Since the Lightning interviewed Kelley in mid-December, Congress passed and President Biden signed a $110 billion disaster aid bill that will channel relief payments to Western North Carolina. But Kelley says farmers tend not to be comforted by headlines about a bill made by politicians until they see details.

“The growers would like them to understand that it’s their future on the line, it’s their lifeblood on the line,” he says. “They’re worried, they’re concerned, and rightly so.

“Bottom line is, we have faced something that we’ve never faced before, and we’ll hopefully never face again. And we just look at it as one of those situations where we’re going to have to rely on our government to help us get back into business. If everybody has to just pick up and go on their own with what they’ve got, there’s not many of them able to do that.”
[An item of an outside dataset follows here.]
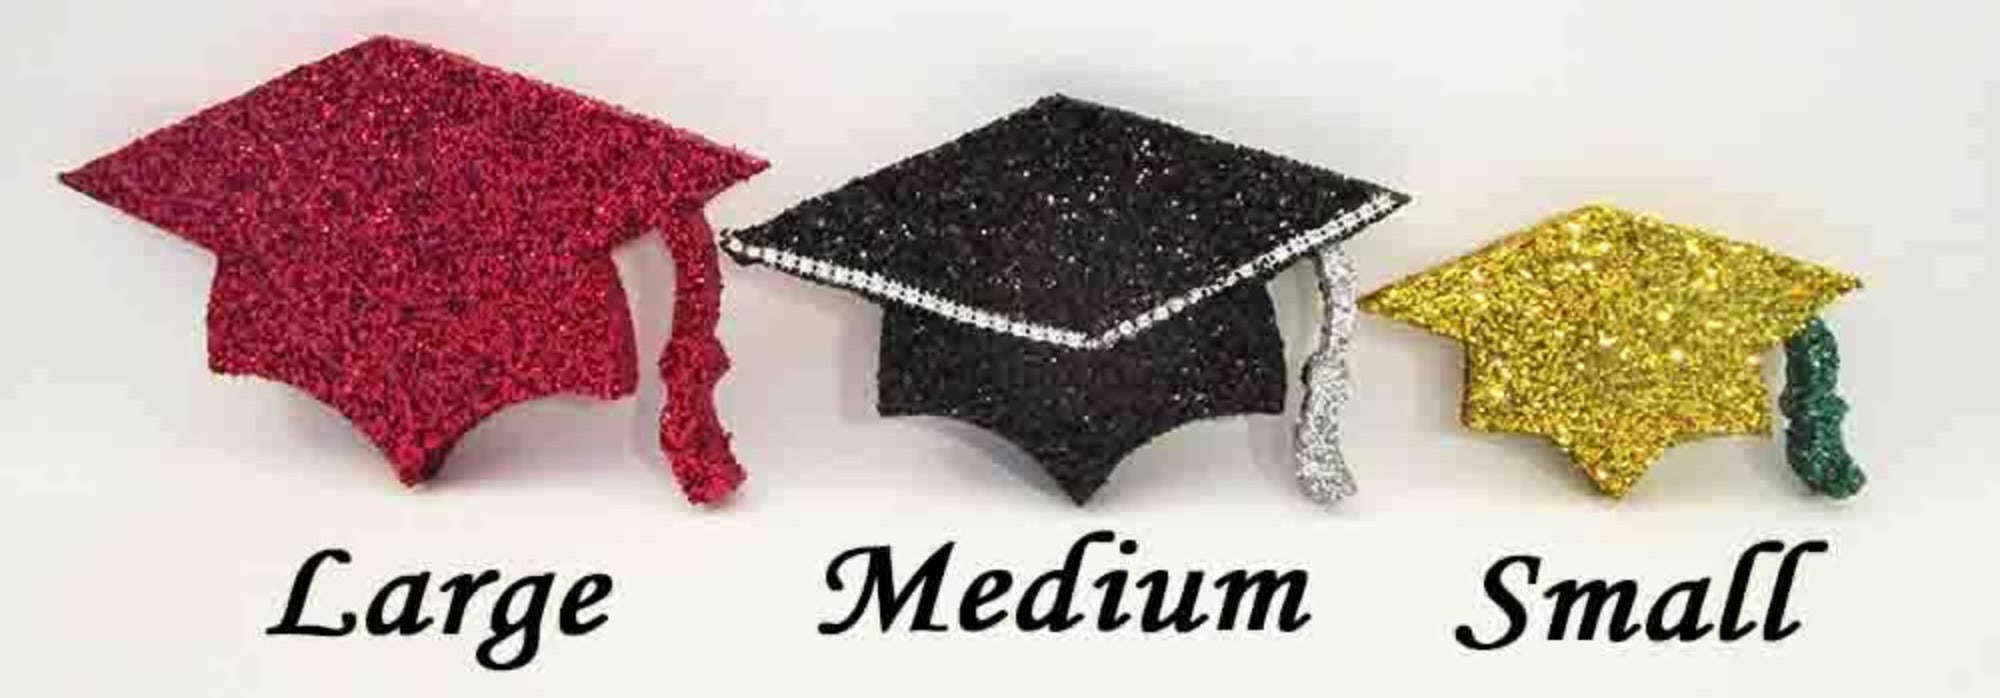 Graduation Hat - Chunky Glitter Silver - Style C - Yard Card

What’s really at stake is not whether farmers are made whole for their 2024 crop loss, or even whether they can plant a crop in 2025. The damage is so great that the future of farming may well hang in the balance. A freeze that wipes out the season’s crop doesn’t also wreck the growers’ tractors, sheds and roads and wash away their future source of revenue — the trees themselves.

“It makes the recovery that much harder and that much longer,” Kelley says. “A lot of people have to question, how are they going to move forward? We’ve got an aging farmer population in this county, and I’m sure some of them are thinking, ‘Am I going to come back from this and continue to deal with all the problems that farming brings?’ They’re valid questions that people are asking right now.”